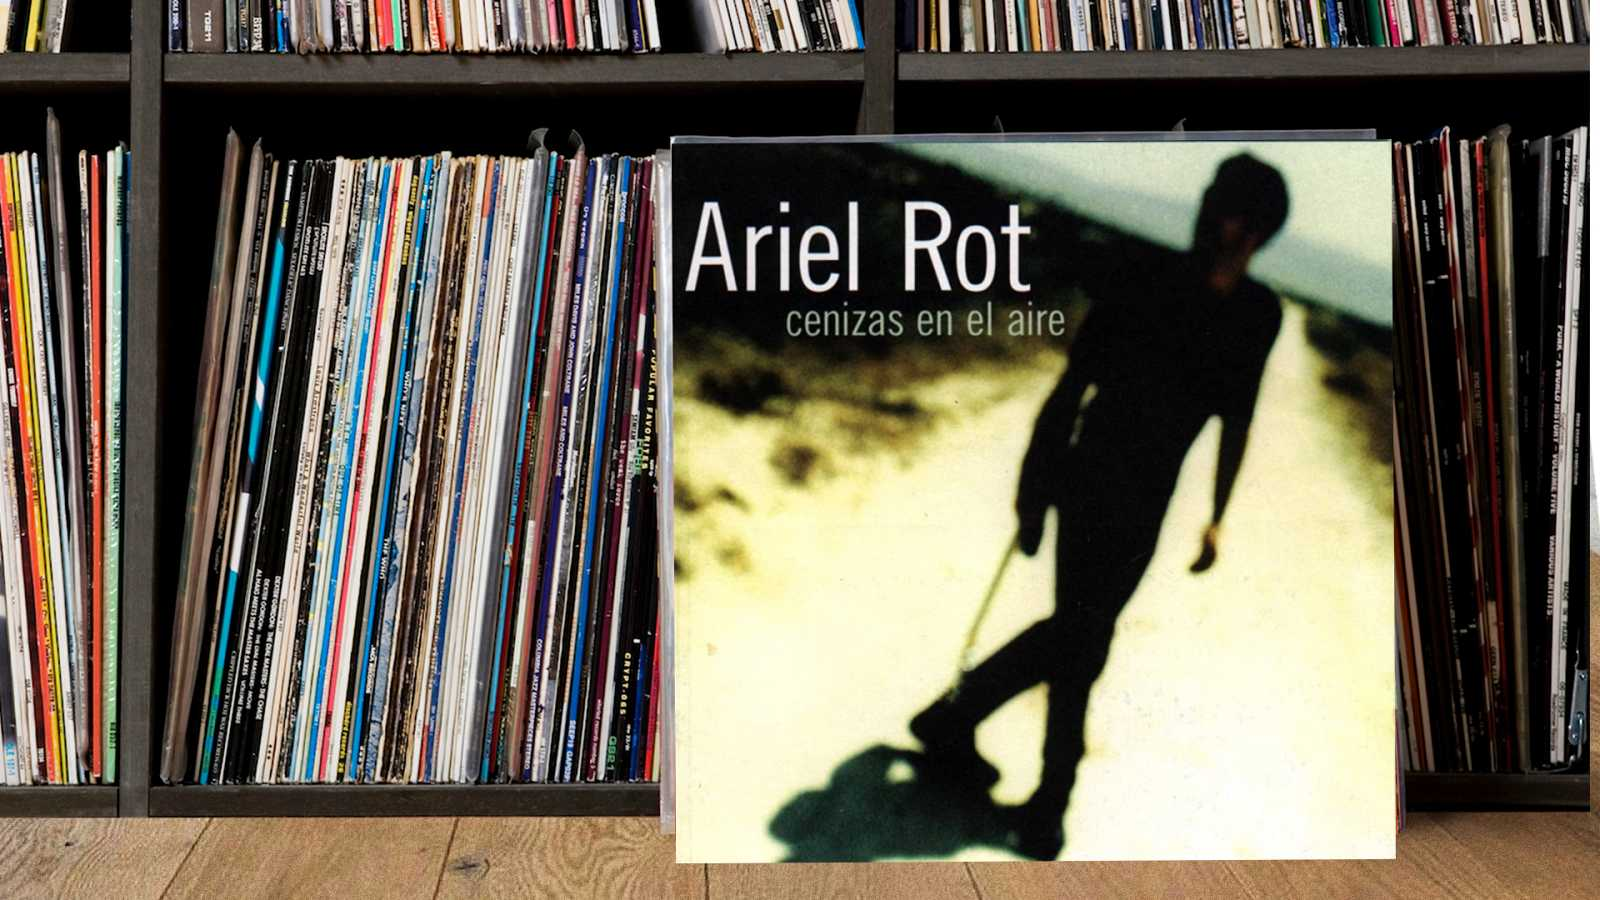 Doce Pulgadas - Ariel Rot - Cenizas en el aire (II) - 13/05/21 - escuchar ahora
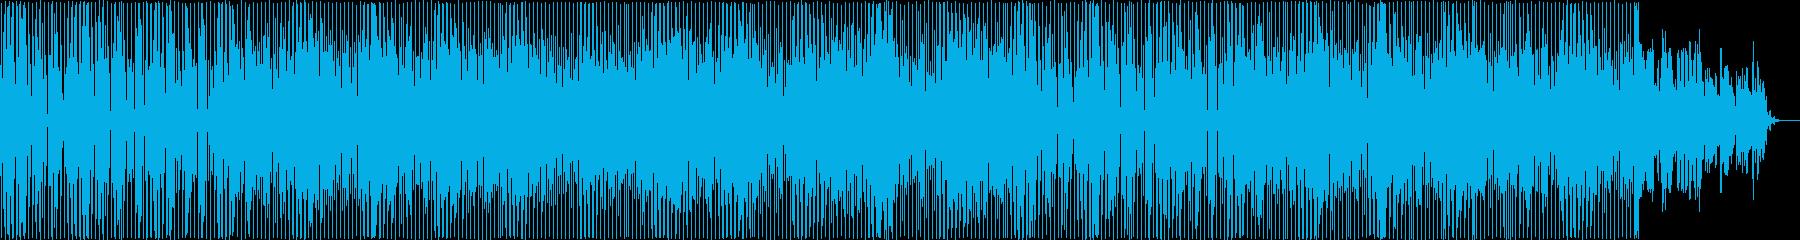 前向きな80'sBGMですの再生済みの波形
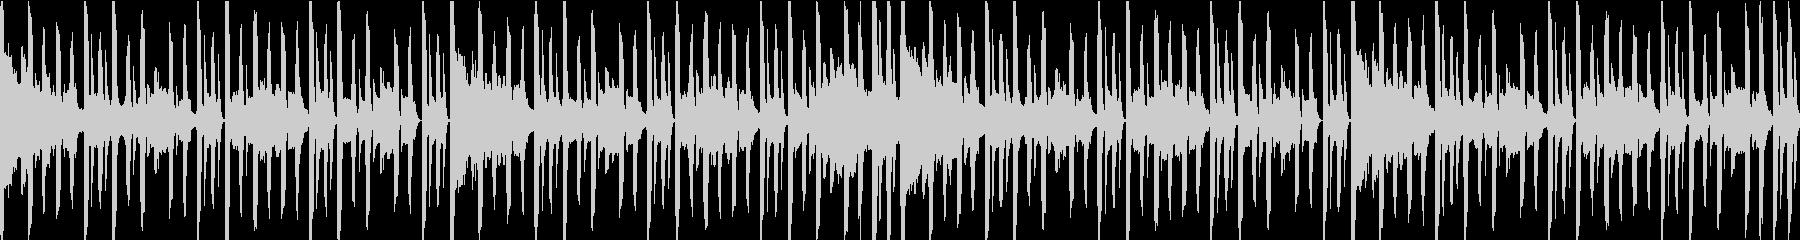 スタイリッシュなBGMループ仕様の未再生の波形
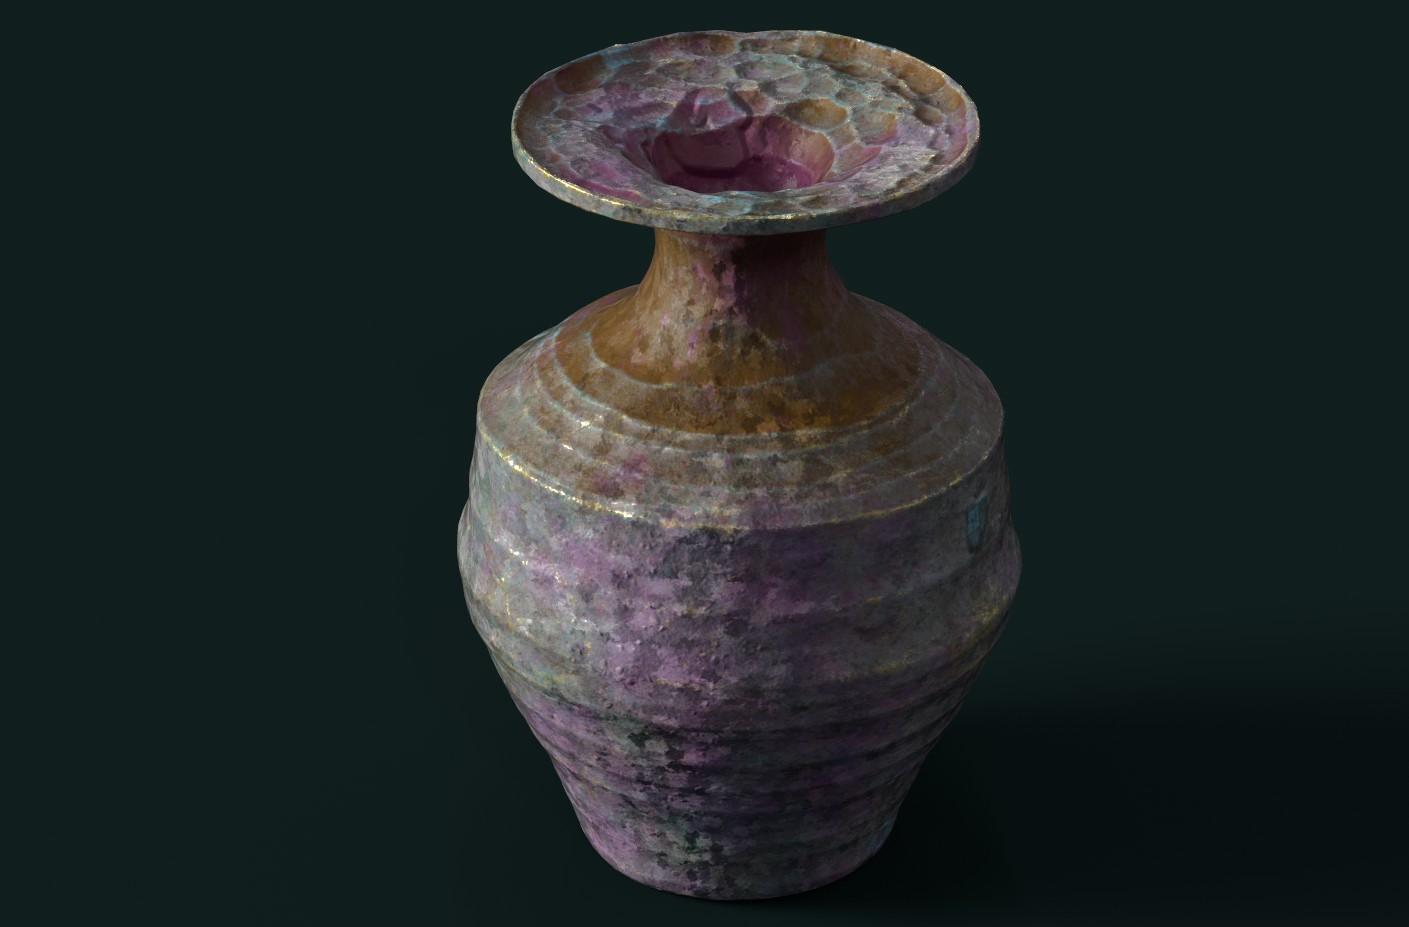 PAINTER vase standard render test 3
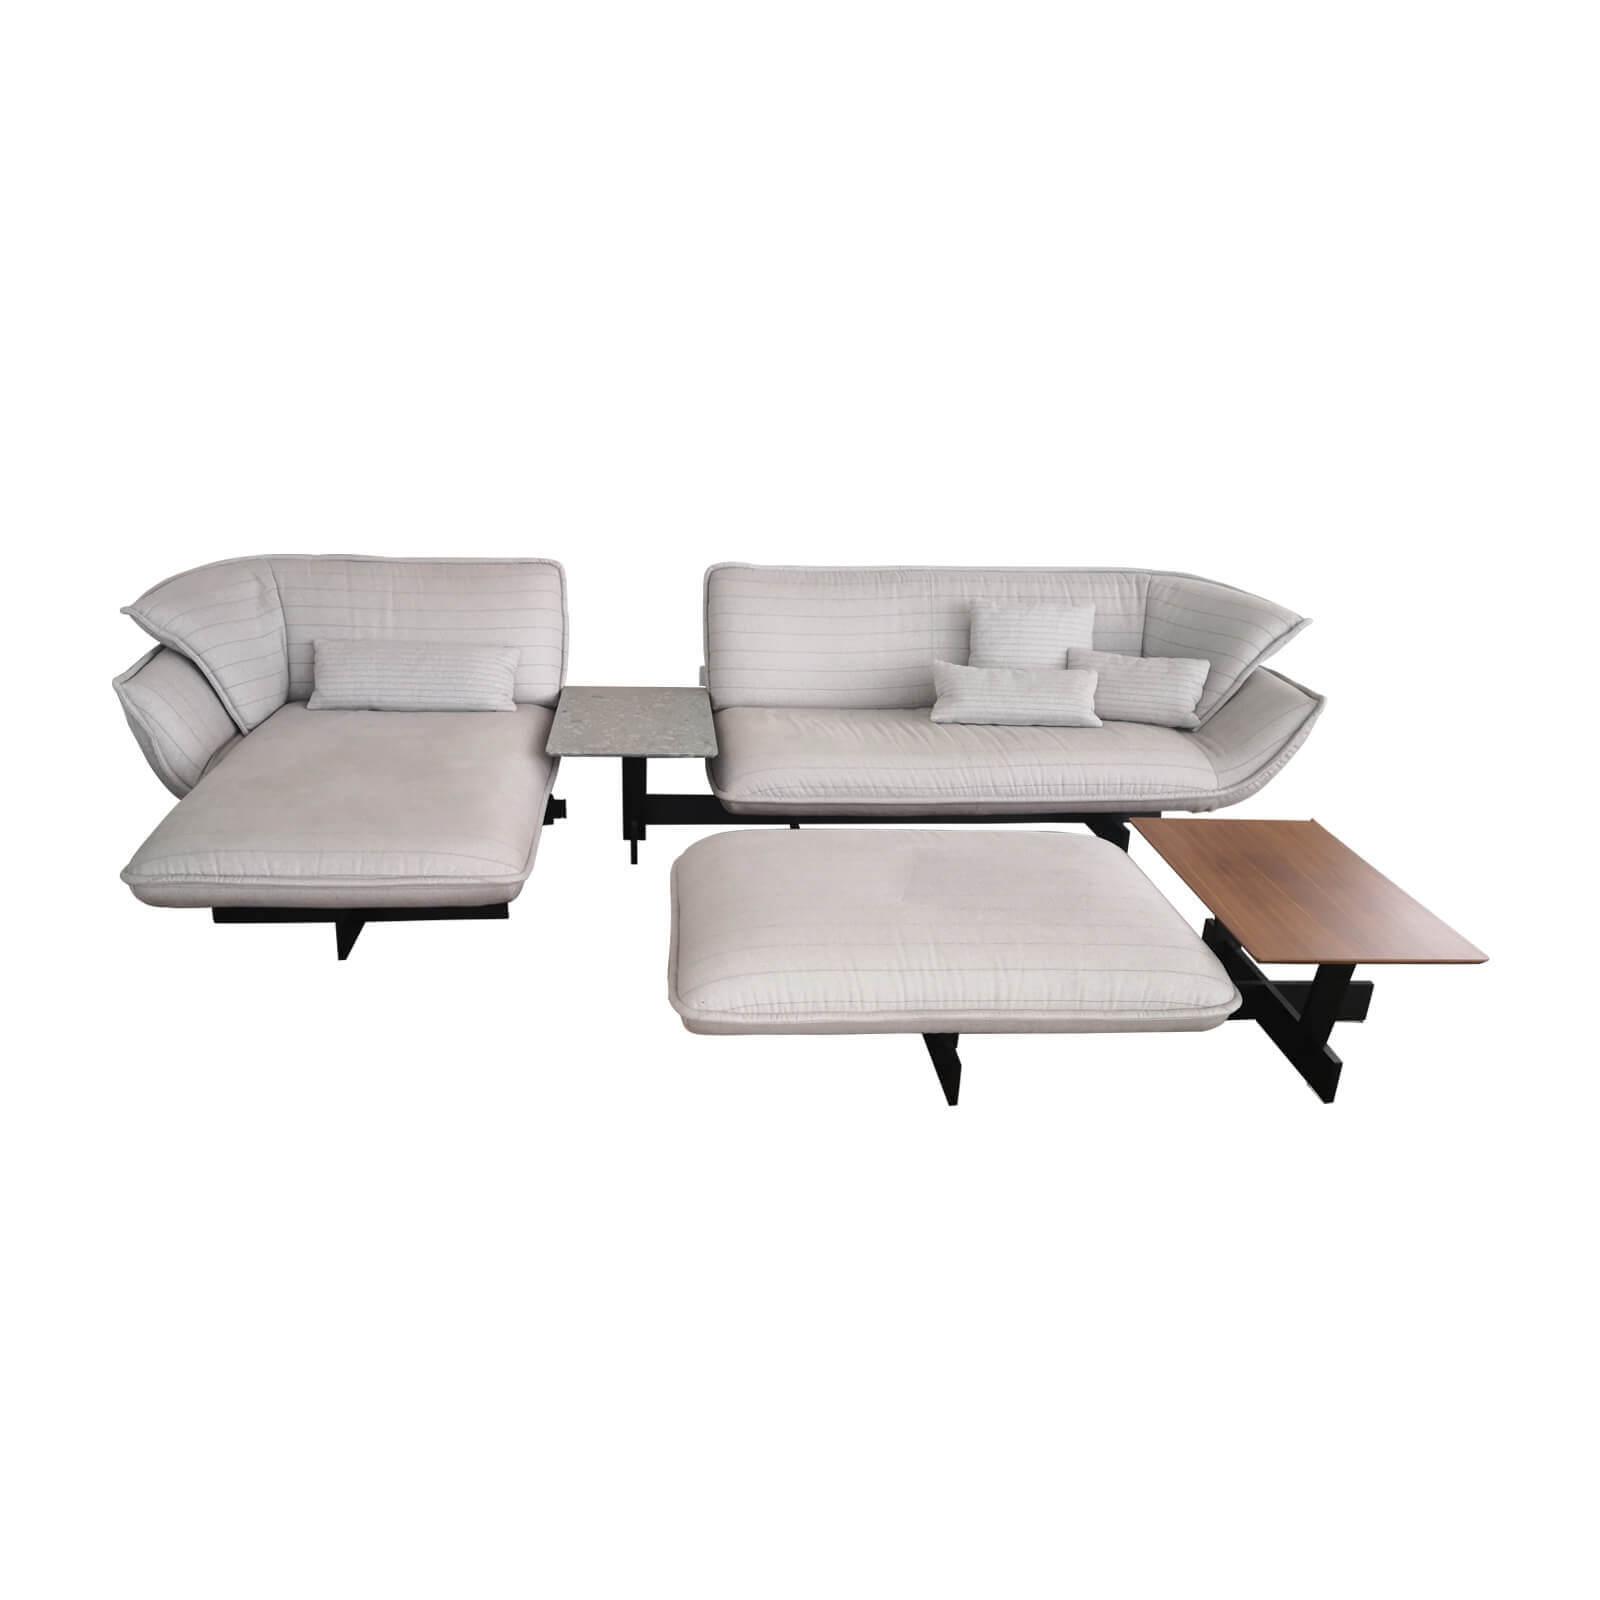 Cassina 550 Beam Sofa by Patricia Urquiola
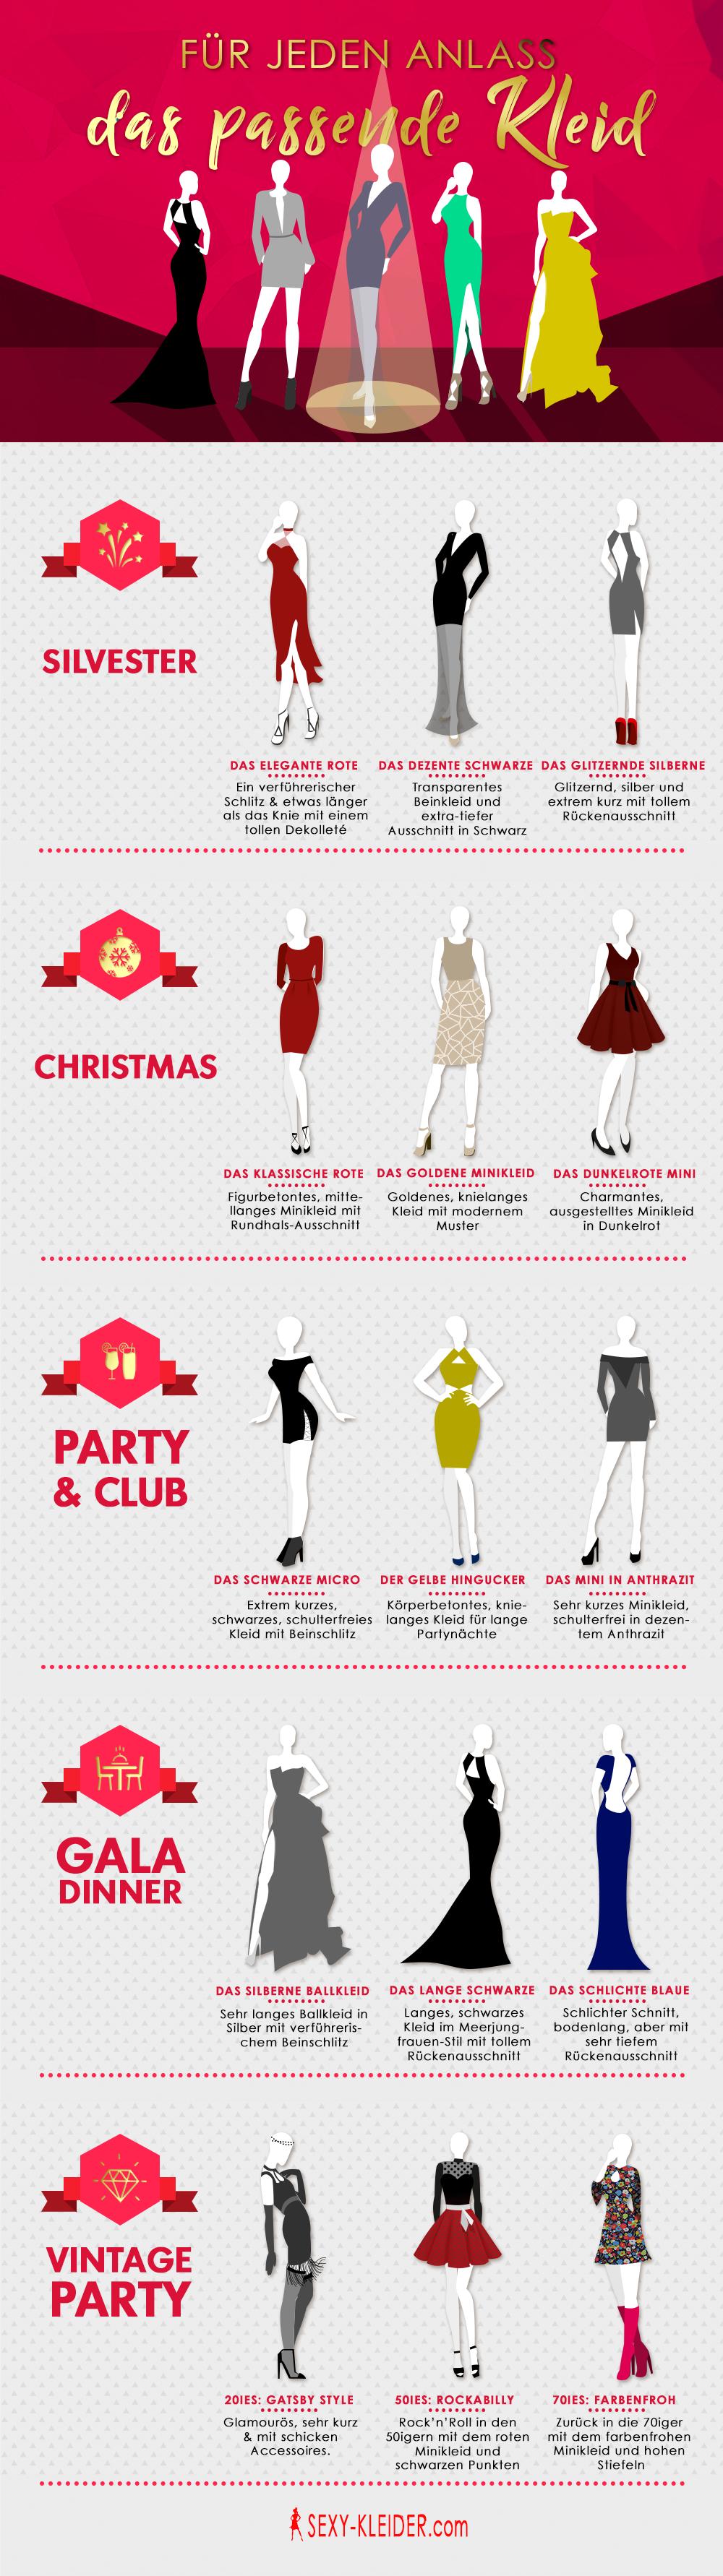 Infografik – Für jeden Anlass das passende Kleid
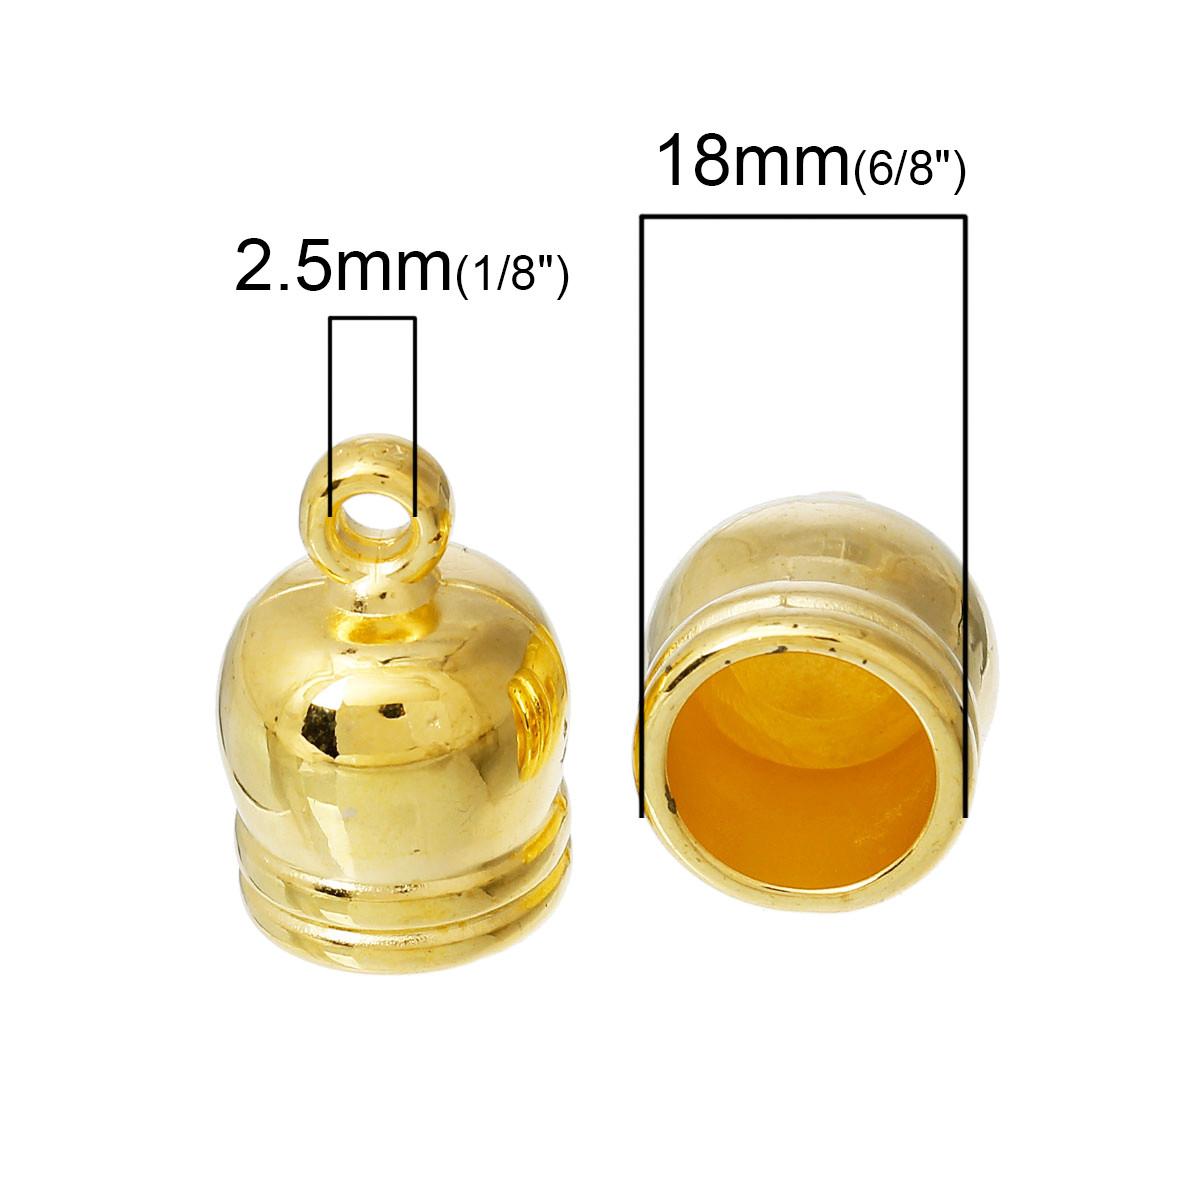 """Зажим-концевик, Бочка, Цвет: золото 18.0мм x 12.0мм, для шнура 9.0mm - Интернет-маркет """"Прикраса"""" в Черкасской области"""

++++

> _Exercise aim_
Reproduce the preceding material exactly, skipping pictures.

> _Problem solution_
 Doce Pulgadas - Ariel Rot - Cenizas en el aire (II) - 13/05/21 - escuchar ahora
 前向きな80'sBGMですの再生済みの波形
 スタイリッシュなBGMループ仕様の未再生の波形
 PAINTER vase standard render test 3
 Cassina 550 Beam Sofa by Patricia Urquiola
 Infografik – Für jeden Anlass das passende Kleid
 """Зажим-концевик, Бочка, Цвет: золото 18.0мм x 12.0мм, для шнура 9.0mm - Интернет-маркет """"Прикраса"""" в Черкасской области"""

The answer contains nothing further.